Editors’ notes General elements of the problem. Credit: Computer-Aided Civil and Infrastructure Engineering (2023). DOI: 10.1111/mice.13016
Researchers at North Carolina State University have developed a complex model to improve how quickly first responders—such as police and EMTs—reach the scene of vehicle accidents. In computational testing, the model outperformed the existing techniques for getting first responders to accident sites quickly.
“The goal was to figure out the most efficient way to get first responders to an accident,” says Leila Hajibabai, corresponding author of a paper on the work and an assistant professor in NC State’s Edward P. Fitts Department of Industrial and Systems Engineering.
“Where should first responders be based in order to respond to the most likely sites of accidents? Is it always best for the closest first responders to go to an accident site, or—depending on traffic—could it be faster for first responders who are farther away to respond? How does accident severity affect response times? These are some of the questions our model addresses.”
To that end, the researchers developed a model that both maximizes the coverage area, so response units can respond to as many possible accident sites as possible, and minimizes the amount of time it would take respondents to reach accident sites. The model also accounts for “hot spots,” prioritizing the efficiency of response times to locations where accidents are most likely to happen based on historical data.
“The model can be used for both long-term planning and for allocating incident response resources on a day-to-day basis,” Hajibabai says.
For long-term planning, the model can help authorities optimize the location of respondents—i.e., help them determine where to locate first-responder infrastructure. On a day-to-day basis, the model could also help authorities determine which respondents are best placed to reach an accident most quickly.

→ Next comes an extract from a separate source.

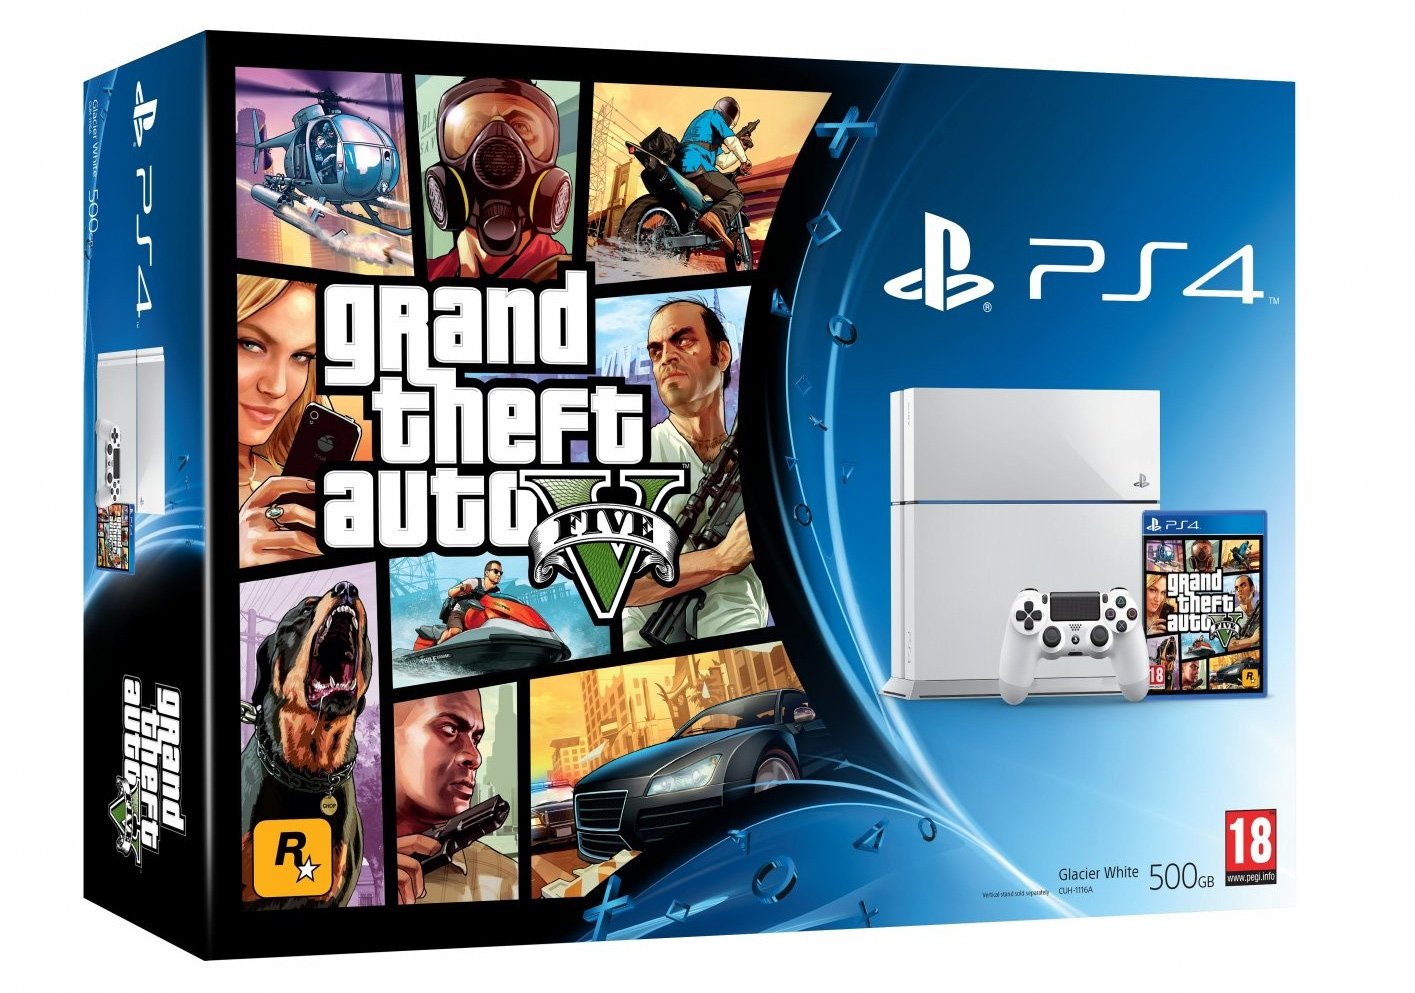 PlayStation 4 500 GB Grand Theft Auto V Bundle Glacier White

To test the model, the researchers drew on data collected by the North Carolina Department of Transportation regarding 10,983 traffic incidents that occurred in 10,672 different locations in Raleigh, N.C. The researchers used the data to test how efficiently the model performed as compared to the two current state-of-the-art techniques used to allocate incident response resources.
“Our model outperformed the existing models in terms of improving response times, regardless of the size of the traffic problem they were responding to,” Hajibabai says.
What’s more, the researchers made the model sufficiently flexible to incorporate changes in the amount of resources available for incident response.
“Budgets and other circumstances can change significantly over time, and it’s important for our model to be able to incorporate changes in how many respondents are available,” Hajibabai says.
The researchers are now testing the limits of the model.
“Are there things we can do to make the model even faster? This is a proof-of-concept paper, and the results are excellent,” Hajibabai says. “Now we want to see what we can do to make it even better.” The researchers are looking for partners to conduct pilot studies with their model.
The study is published in the journal Computer-Aided Civil and Infrastructure Engineering.